• Provided material:
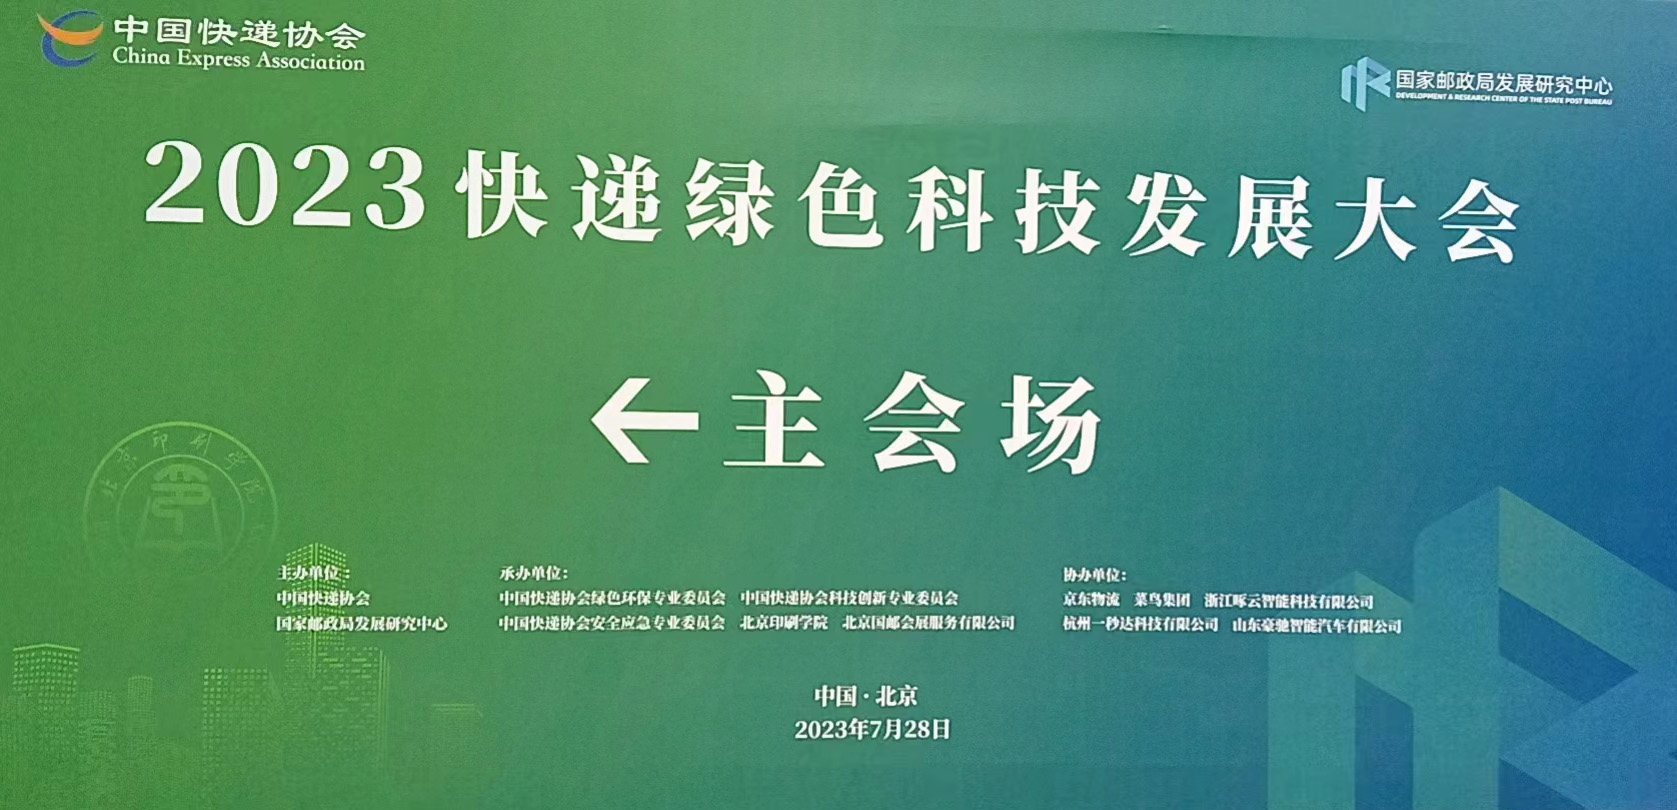 北京快递绿色科技发展大会
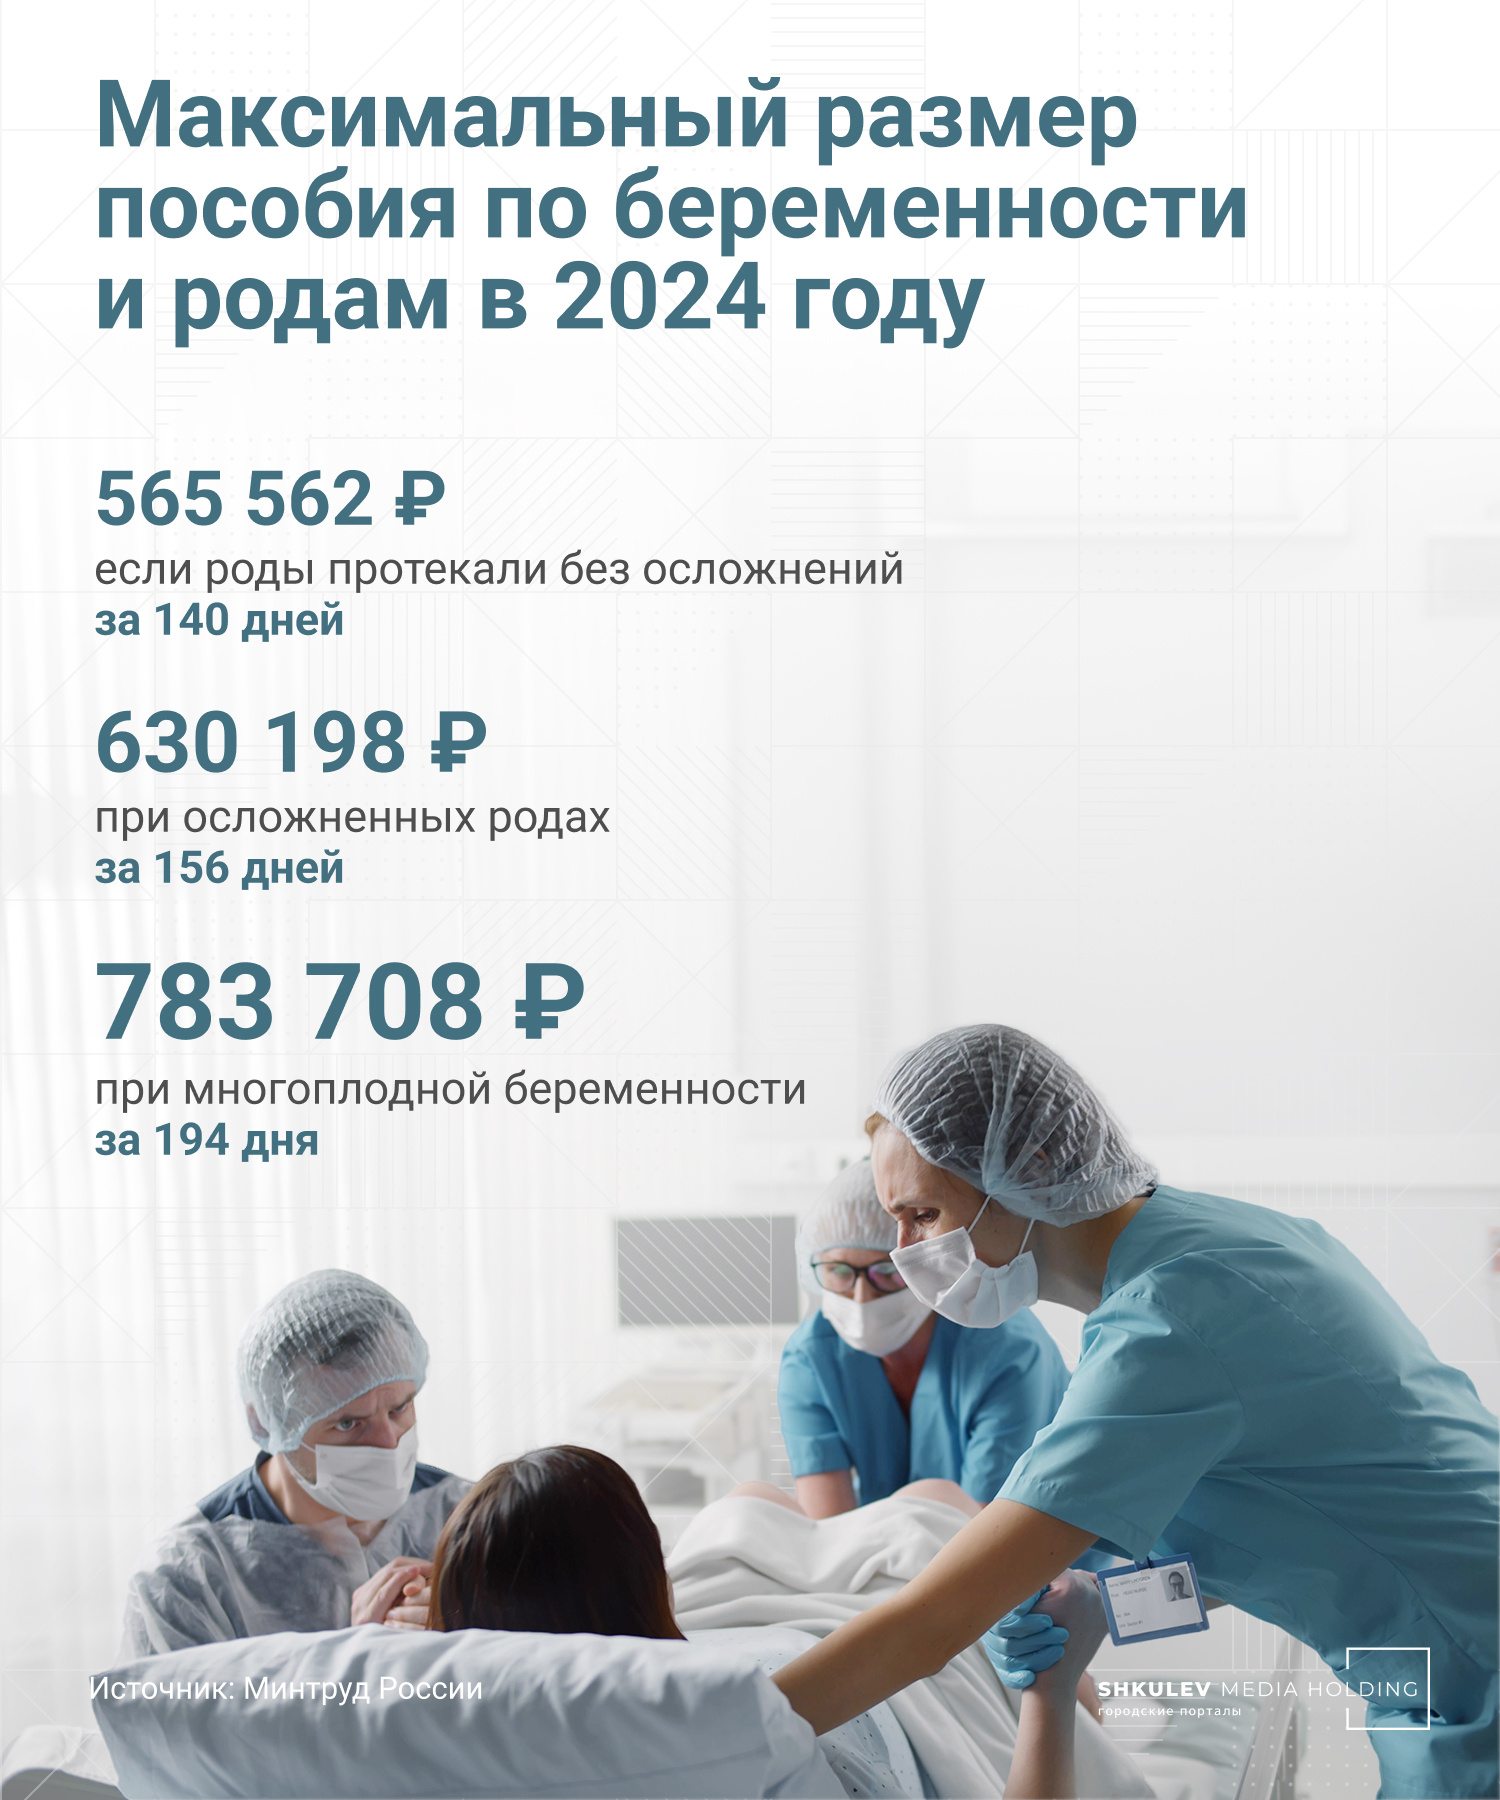 Пособие по беременности и родам в 2024 году: сколько заплатят за декрет - 5  октября 2023 - ФОНТАНКА.ру
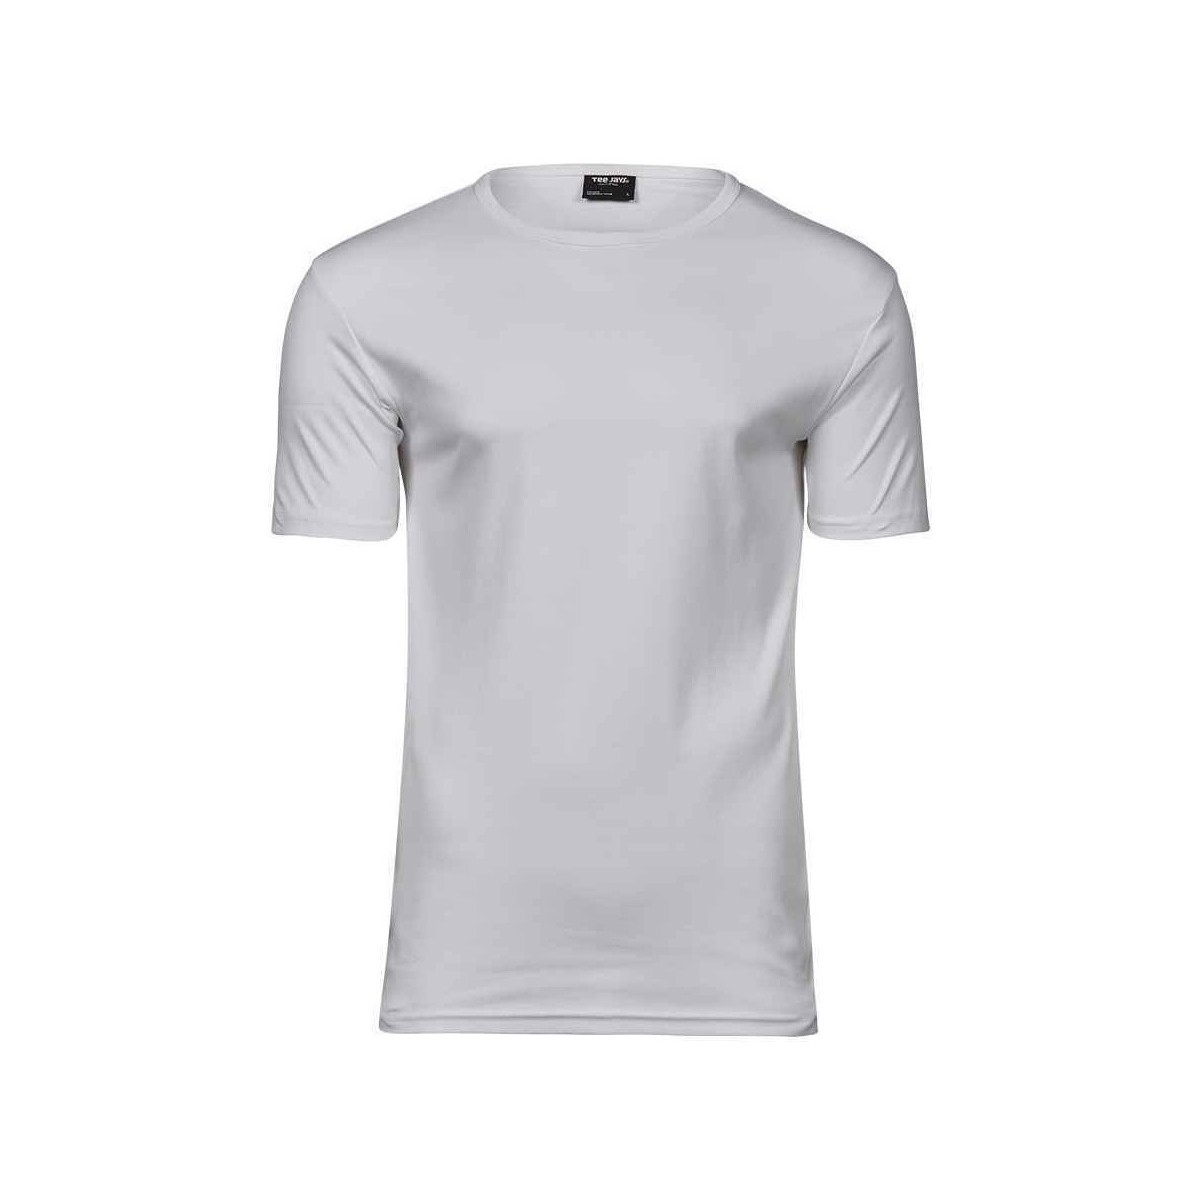 textil Camisetas manga larga Tee Jays Interlock Blanco

• The problem: Copy out the lines exactly as written, beginning with the one that contains "Пособие по беременности" and ending with the last line of the material; do not include pictures.

• Output for this task:
 Пособие по беременности и родам в 2024 году: сколько заплатят за декрет - 5  октября 2023 - ФОНТАНКА.ру
 textil Camisetas manga larga Tee Jays Interlock Blanco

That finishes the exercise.